Regelungen zur Erteilung der Lehrbefugnis für Professorinnen und Professoren und Juniorprofessorinnen und Juniorprofessoren, die in der Ausbildung von Lehrkräften für das Fach islamische Religionslehre sunnitischer Prägung am Zentrum für Islamische Theologie der Universität Tübingen mitwirken

Gemäß Vertrag vom 25.7.2019 zwischen dem Land Baden-Württemberg (vertreten durch das Ministerium für Kultus, Jugend und Sport (im Folgenden: Land), dem Landesverband der Islamischen Kulturzentren Baden-Württemberg e.V. und der Islamischen Gemeinschaft der Bosniaken in Deutschland – Zentralrat e.V. wird ab dem Schuljahr 2019/2020 der islamische Religionsunterricht sunnitischer Prägung auf der Basis einer provisorischen Trägerschaft durch die Stiftung Sunnitischer Schulrat (im Folgenden: Stiftung) angeboten. Das Land verpflichtet sich, u.a. auch im Kontext der Stiftung den Grundsatz der religiös-weltanschaulichen Neutralität des Staates hinsichtlich theologischer und im engeren Sinne religionspädagogischer Fragestellungen zu wahren, wobei die Rechte und Pflichten des Landes, die sich aus der gemeinsamen Verantwortung für den Religionsunterricht (res mixta) ergeben, unberührt bleiben. Islamischer Religionsunterricht sunnitischer Prägung ist ordentliches Lehrfach an den öffentlichen Schulen des Landes. Die Zuständigkeit für die Ausbildung von Lehrkräften für das Fach Islamische Religionslehre sunnitischer Prägung am Zentrum für Islamische Theologie der Universität Tübingen (im Folgenden: ZITh) geht dem Beschluss des Ministerrats vom 17.7.2019 entsprechend zum 1.8.2020 auf die Stiftung über.

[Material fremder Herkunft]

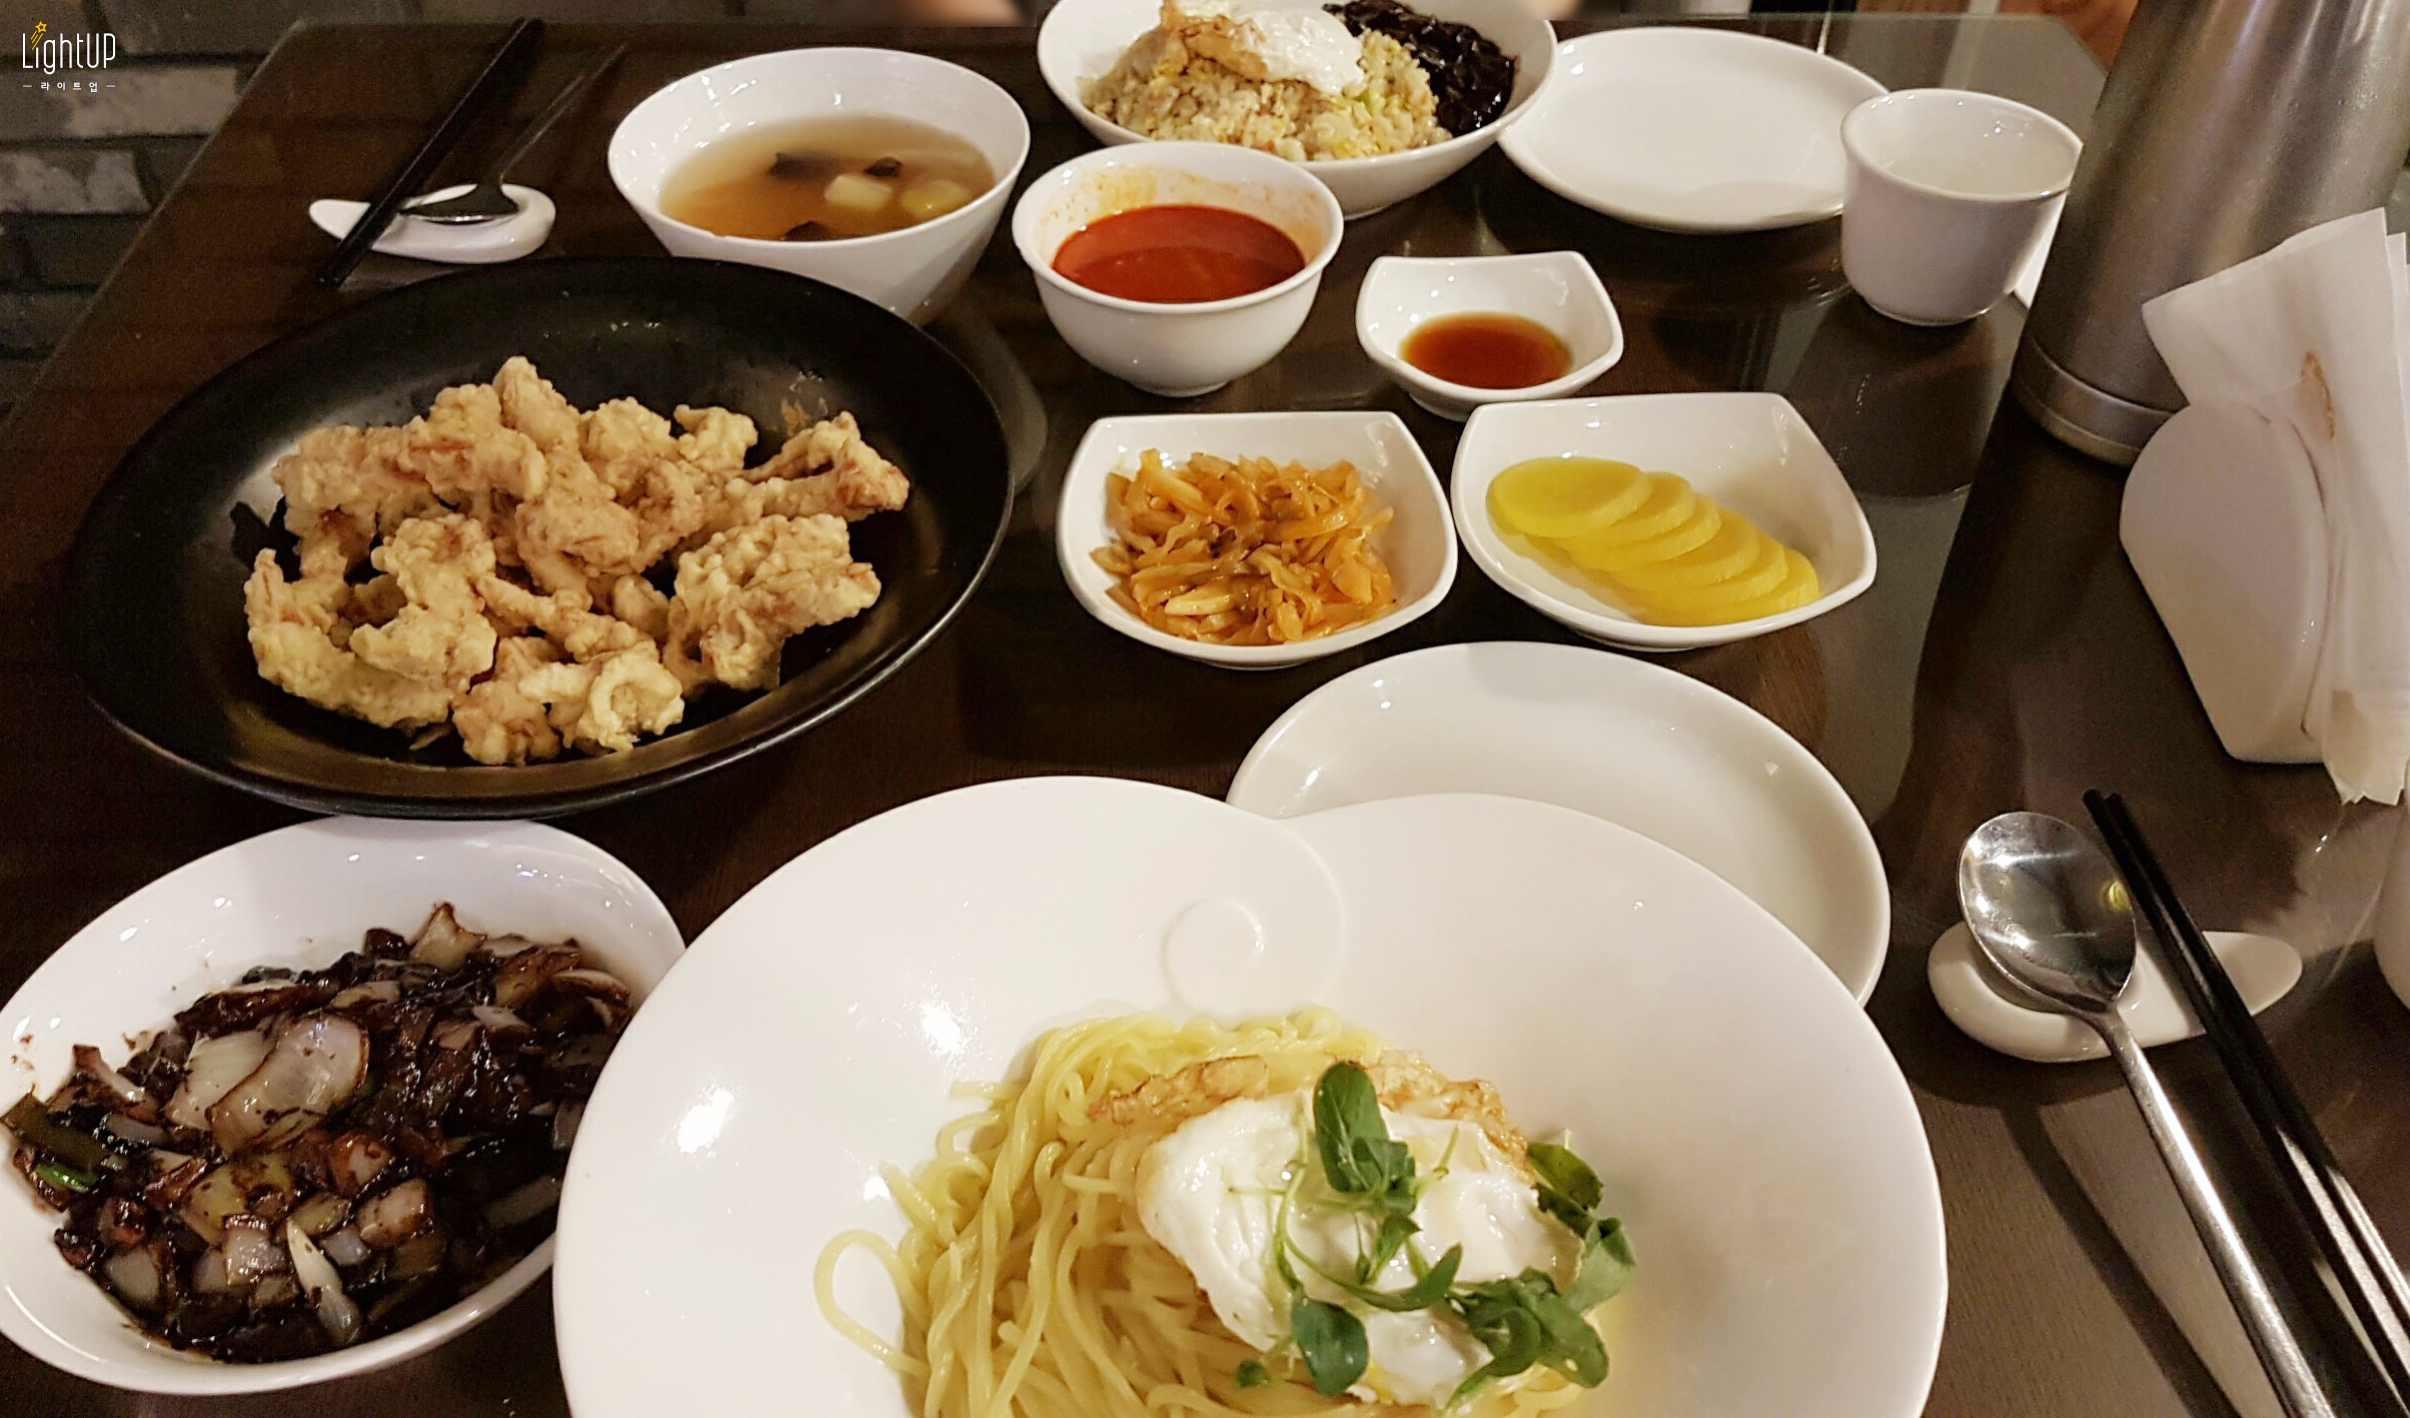 加上小菜後,整桌滿滿的菜色 絕對可以吃得很飽的~~  來韓國就是要試試炸醬麵,如果跟隨自已偶像的腳步,吃一樣的東西,是不是會更有味道呢?  小知識: 韓國人在搬家的時候都會吃炸醬麵喔. 因為搬家很累,沒有體力再煮飯,叫炸醬麵是最快又方便的 ~~

Professorinnen und Professoren sowie Juniorprofessorinnen und Juniorprofessoren (im Folgenden: Professorinnen und Professoren), die in der Ausbildung von Lehrkräften für das Fach Islamische Religionslehre sunnitischer Prägung am ZITh mitwirken, benötigen nach den für die theologischen Fakultäten an den Universitäten geltenden religionsverfassungsrechtlichen und hochschulrechtlichen Vorgaben eine Lehrbefugnis.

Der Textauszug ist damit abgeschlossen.